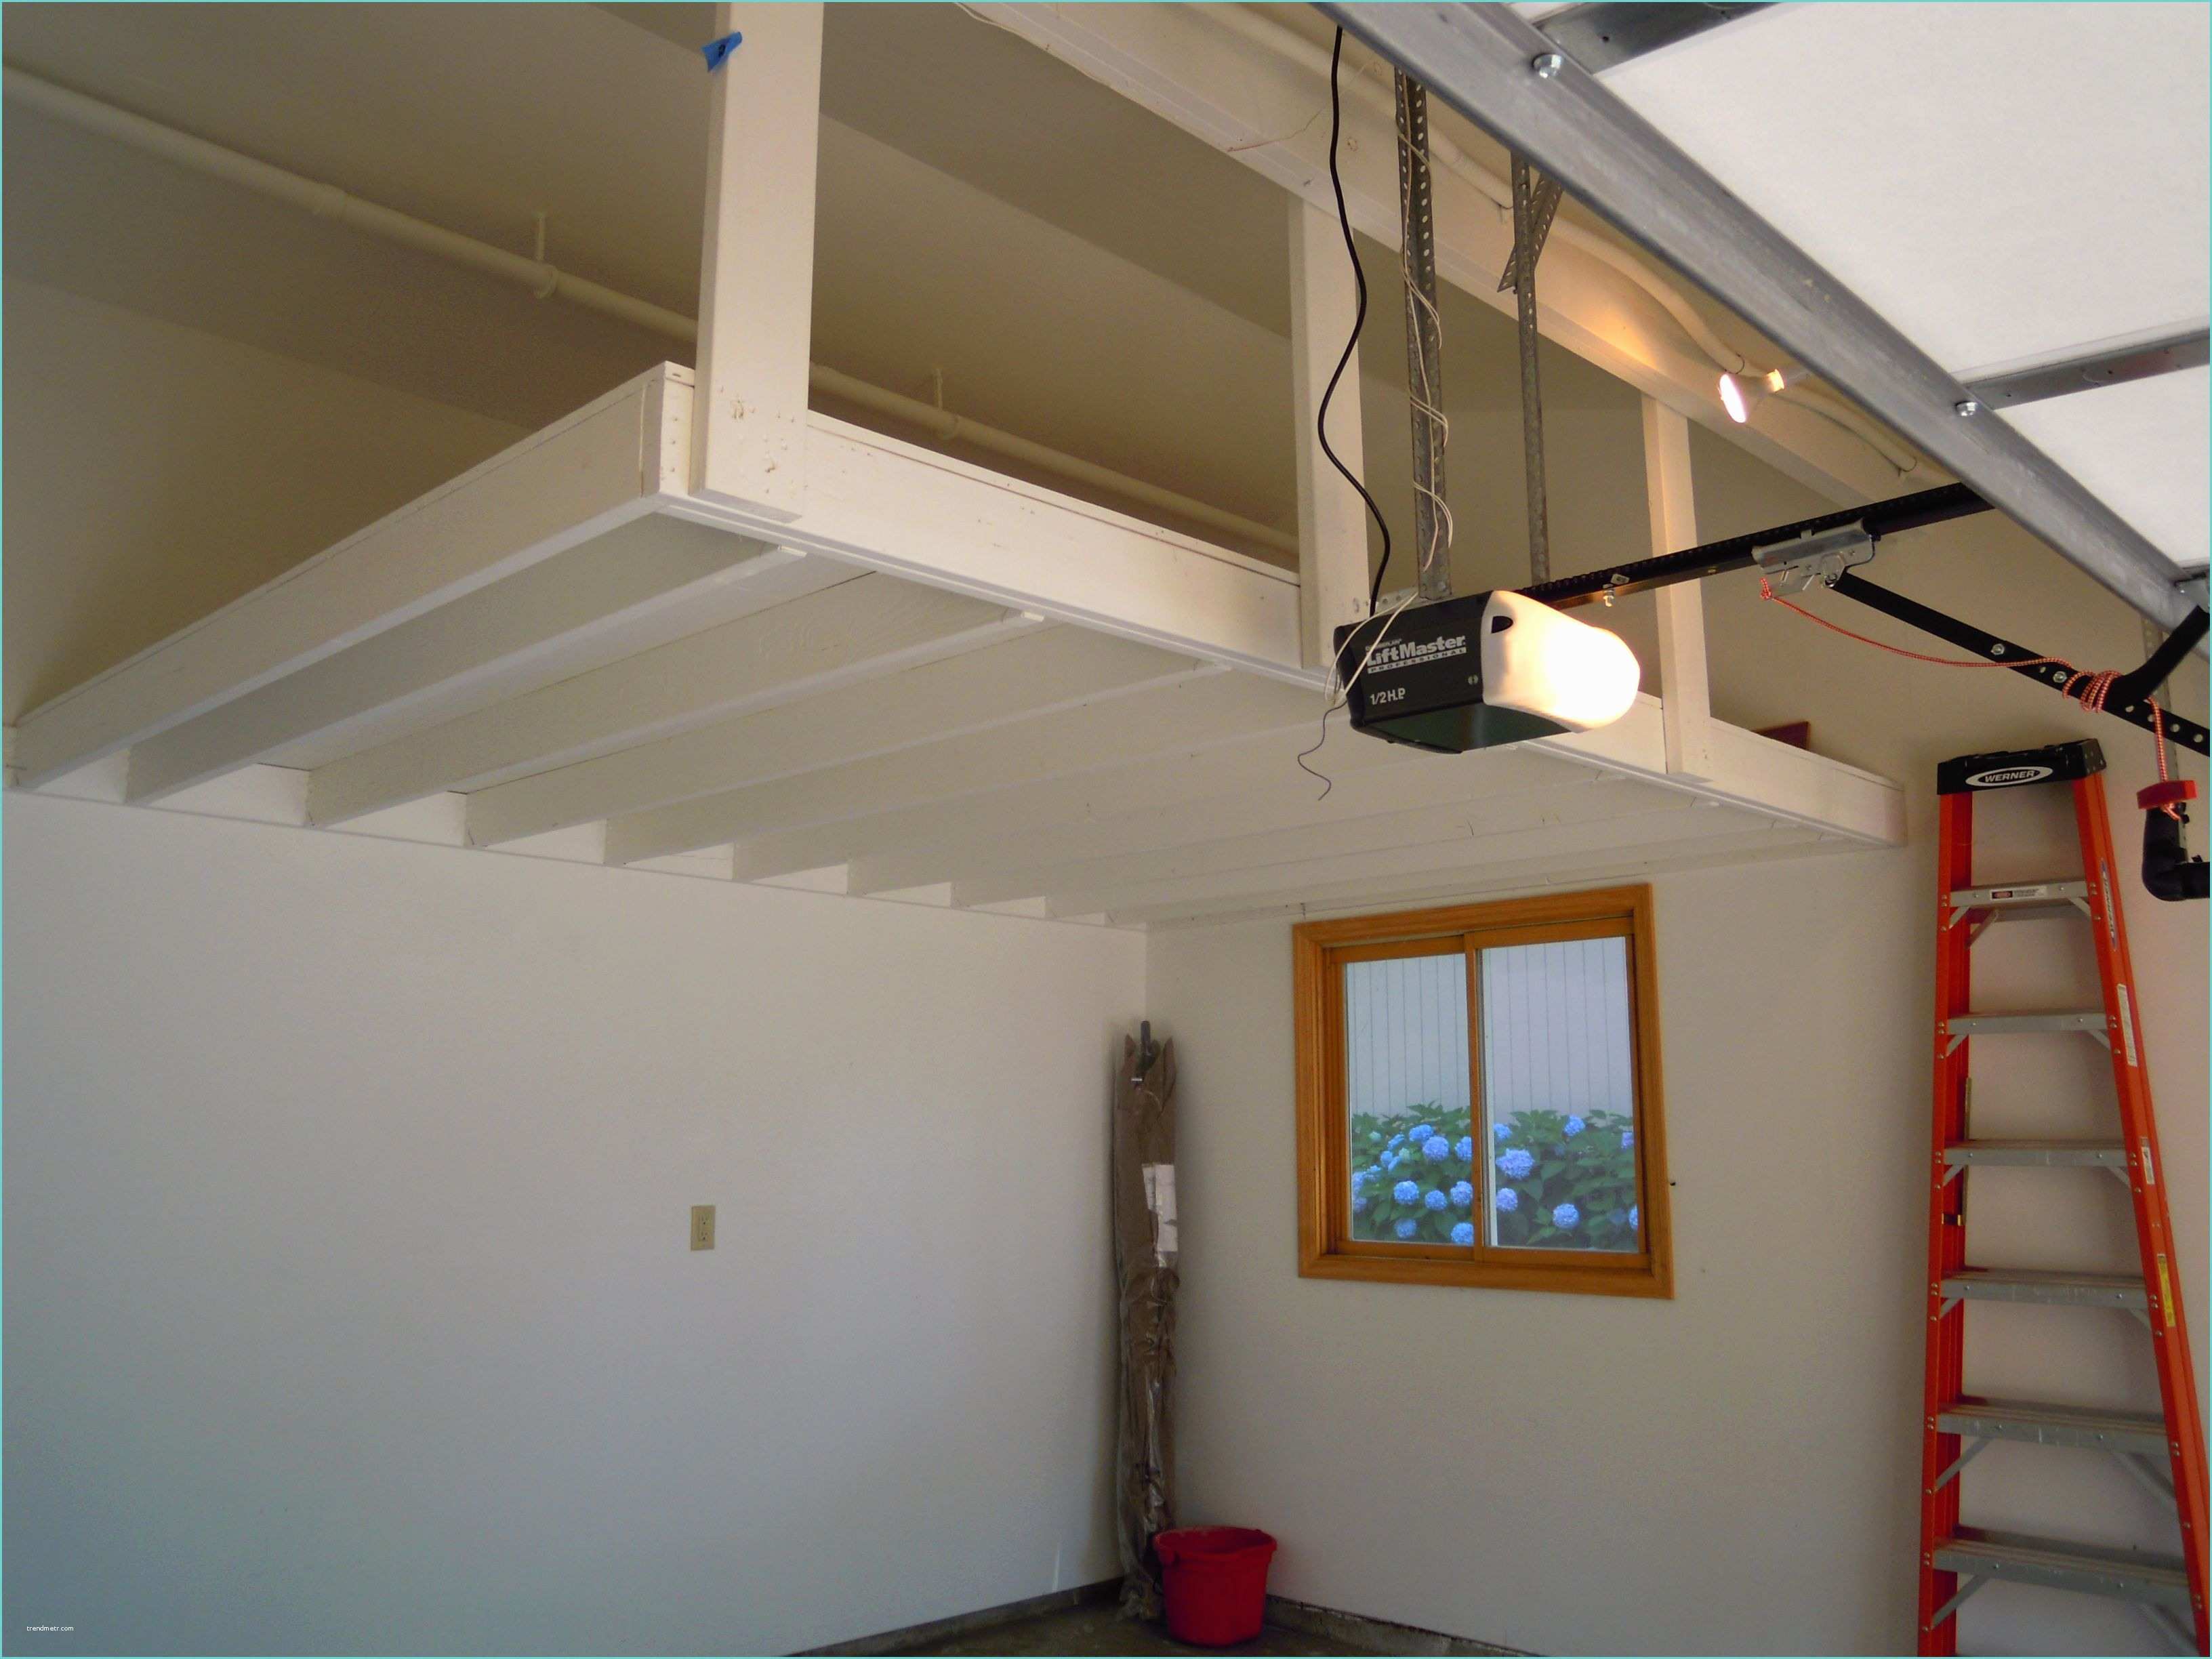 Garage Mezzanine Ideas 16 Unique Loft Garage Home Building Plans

* * *

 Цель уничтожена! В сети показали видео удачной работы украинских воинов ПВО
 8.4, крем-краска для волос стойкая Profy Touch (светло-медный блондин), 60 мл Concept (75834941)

Work to be completed = In the listing above, locate the line with "Цель уничтожена! В" and the line with "8.4, крем-краска для", then extract exactly those lines and every line between them, and nothing more.

Result of the task =
 Цель уничтожена! В сети показали видео удачной работы украинских воинов ПВО
 8.4, крем-краска для волос стойкая Profy Touch (светло-медный блондин), 60 мл Concept (75834941)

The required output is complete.